The Securities and Exchange Commission on Thursday charged financial giant Citigroup (C) with misleading investors over the bank's failure to disclose its massive exposure to subprime mortgage-related securities during the height of the financial crisis.

The bank settled with the agency,  agreeing to pay $75 million in fines and charges. Two Citi executives - former CFO Gary Crittenden and former head of investor relations Arthur Tildesley Jr. - have also agreed to pay fines of $100,000 each.

According to the SEC, Citi allegedly represented its exposure to subprime mortgage-related investments at $13 billion or less when the bank's exposure was more than $50 billion. The $13 billion reported by Citi didn't include the bank's exposure to collateralized debt obligations, a classification of investments that eventually became some of the most toxic, and what's known as "liquidity puts."

“Even as late as fall 2007, as the mortgage market was rapidly deteriorating, Citigroup boasted of superior risk management skills in reducing its subprime exposure to approximately $13 billion.  In fact, billions more in CDO and other subprime exposure sat on its books undisclosed to investors,” said Robert Khuzami, Director of the SEC’s Division of Enforcement, in a statement. 

As part of the agreement, Citi is not admitting or denying any of the SEC's allegations. Crittenden and Tildesley also are agreeing without admitting or denying any wrongdoing.

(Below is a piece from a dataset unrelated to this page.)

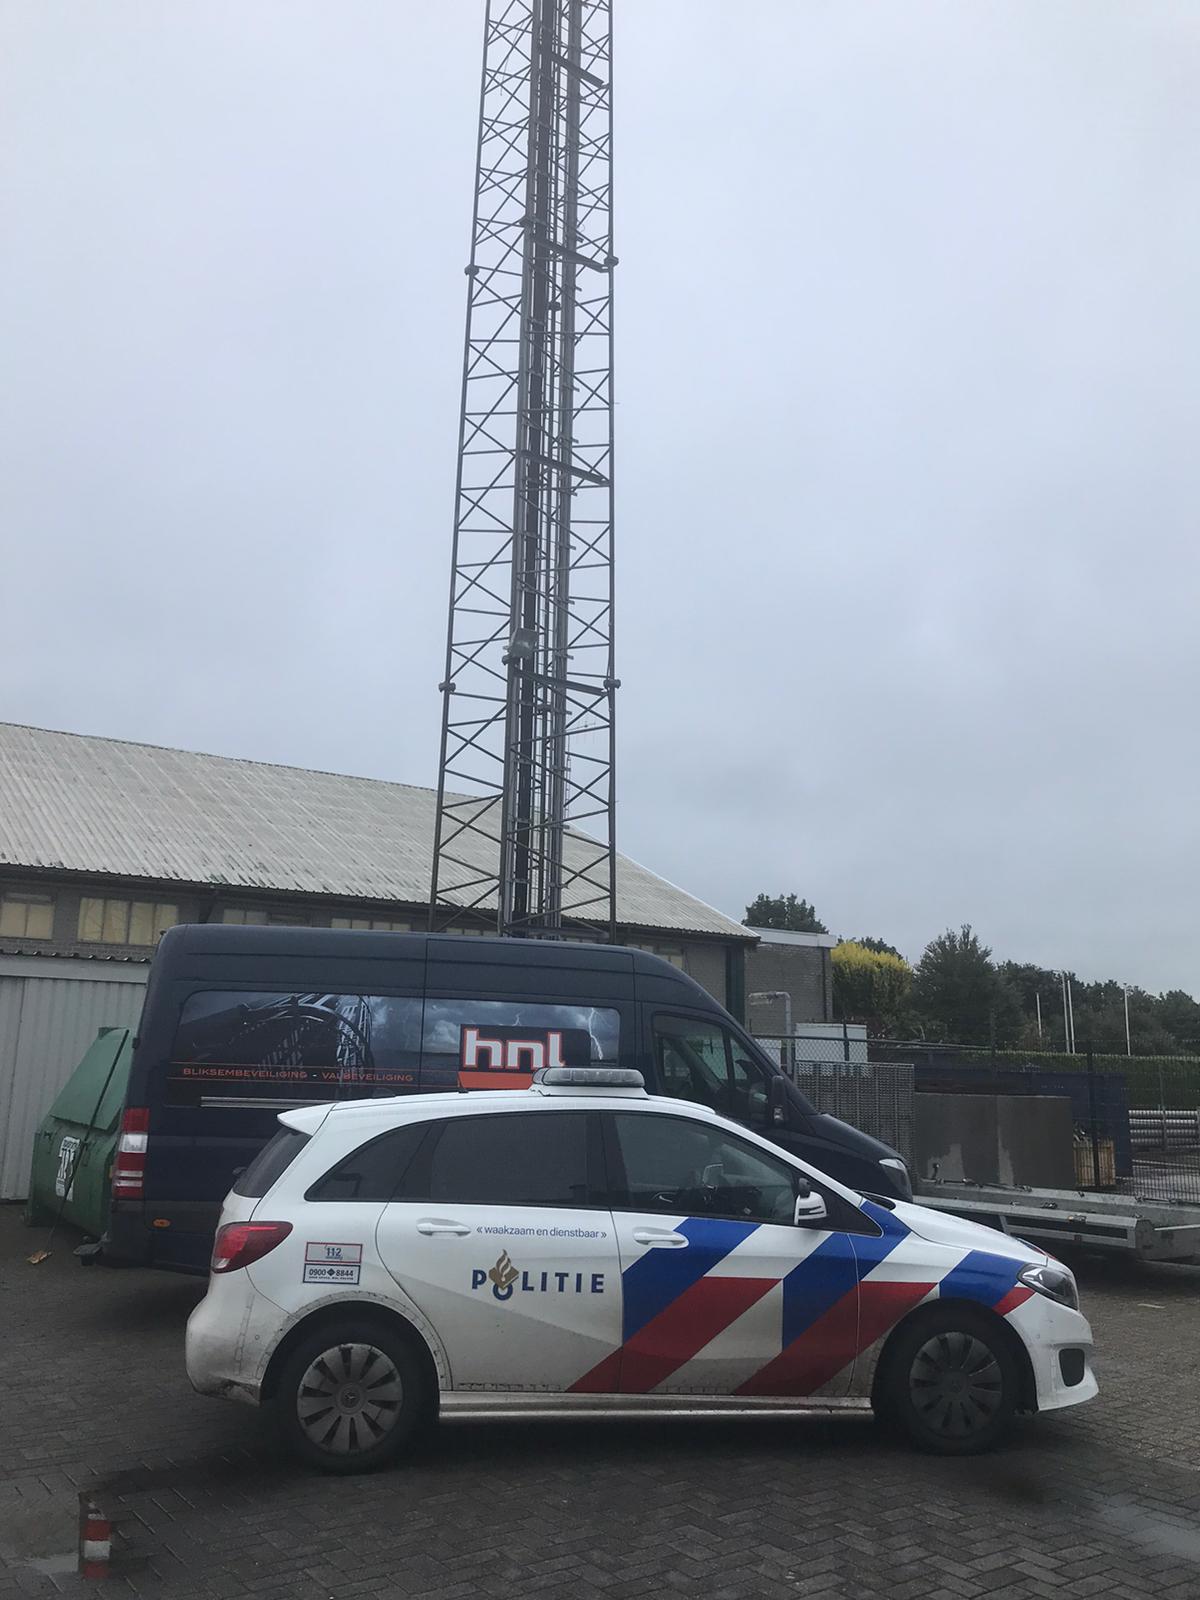 2020-07-10-Antenne-TwenteFM-Wierden-aangezien-voor-geheime-zender.jpg
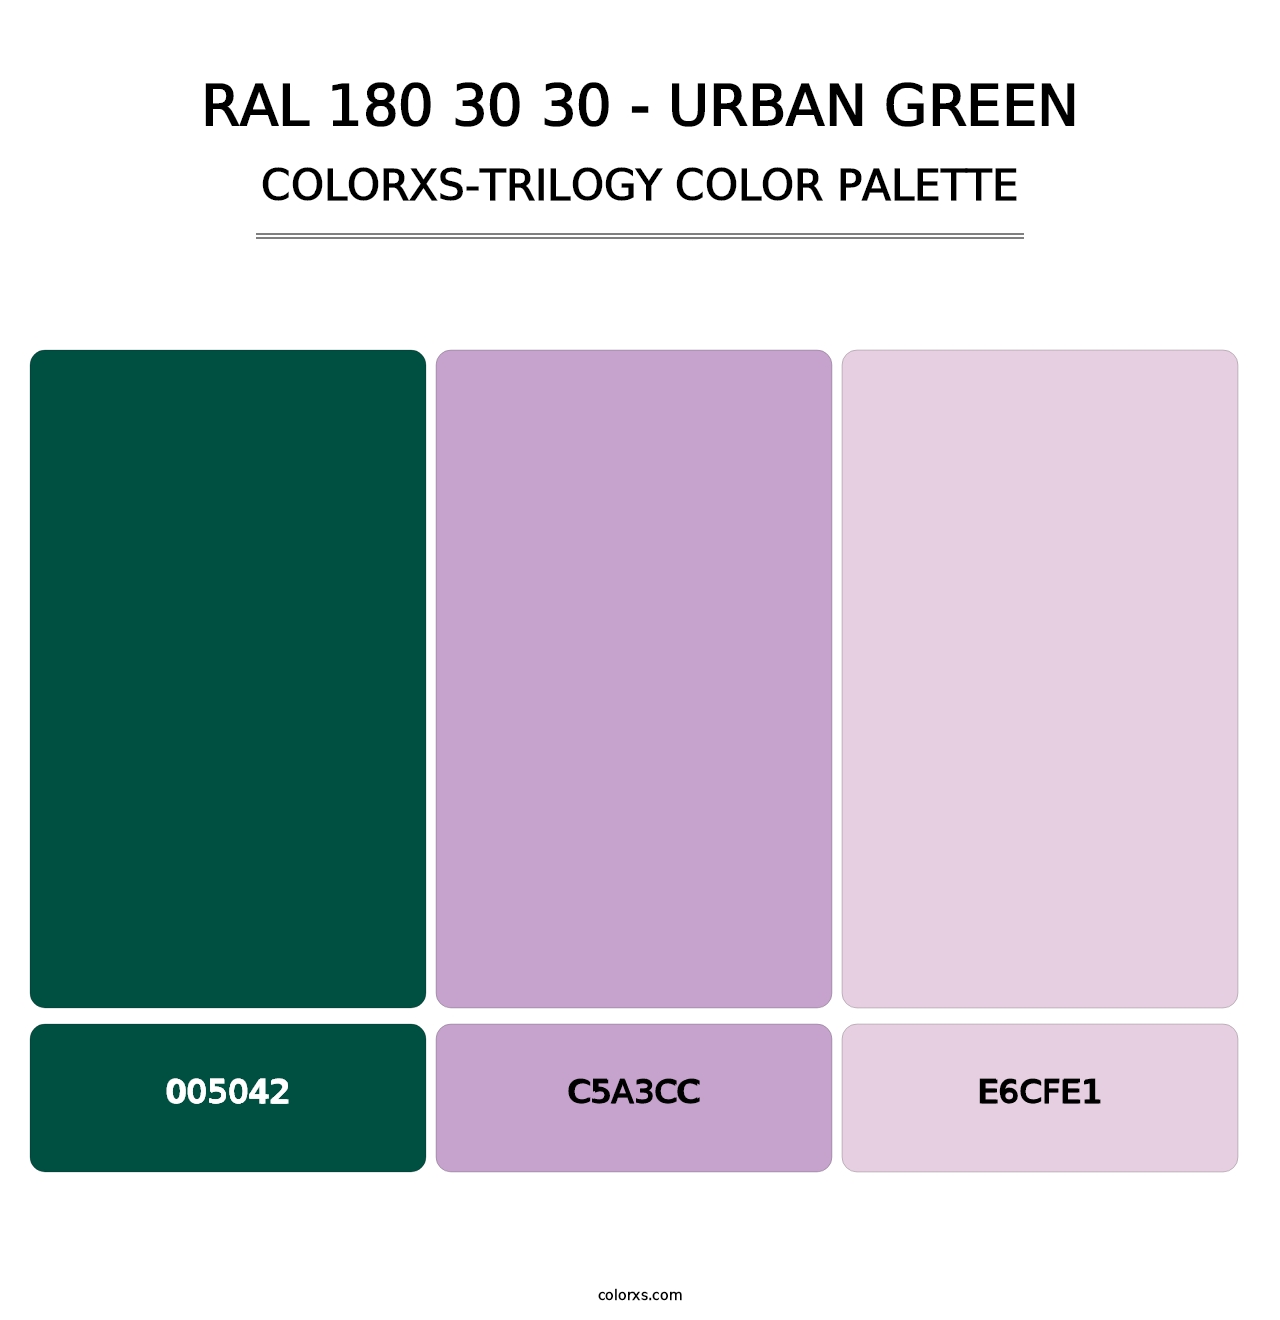 RAL 180 30 30 - Urban Green - Colorxs Trilogy Palette

"We are pleased that we have reached agreement with the SEC to put this matter concerning certain 2007 disclosures behind us, and that the SEC is not charging Citi or any individual with intentional or reckless misconduct," Citi said in a statement.

Citigroup stock was hammered during the subprime mortgage crisis because the bank was found to be heavily exposed to bad mortgages and illiquid assets tied to mortgages.

The bank’s bad balance sheet eventually led to then-CEO Chuck Prince to resign in late 2007 and later to the eventual takeover of Citi by the U.S. government.

The difference between material omission and a more serious charge of fraud, according to an earlier Wall Street Journal report, is because Citi executives in 2007 didn’t believe the subprime mortgage securities were so dangerous because they often carried “AAA” ratings.

Shares of Citi were up 0.4% to $4.11 on Thursday. They are down more than 90% from their 2007 highs.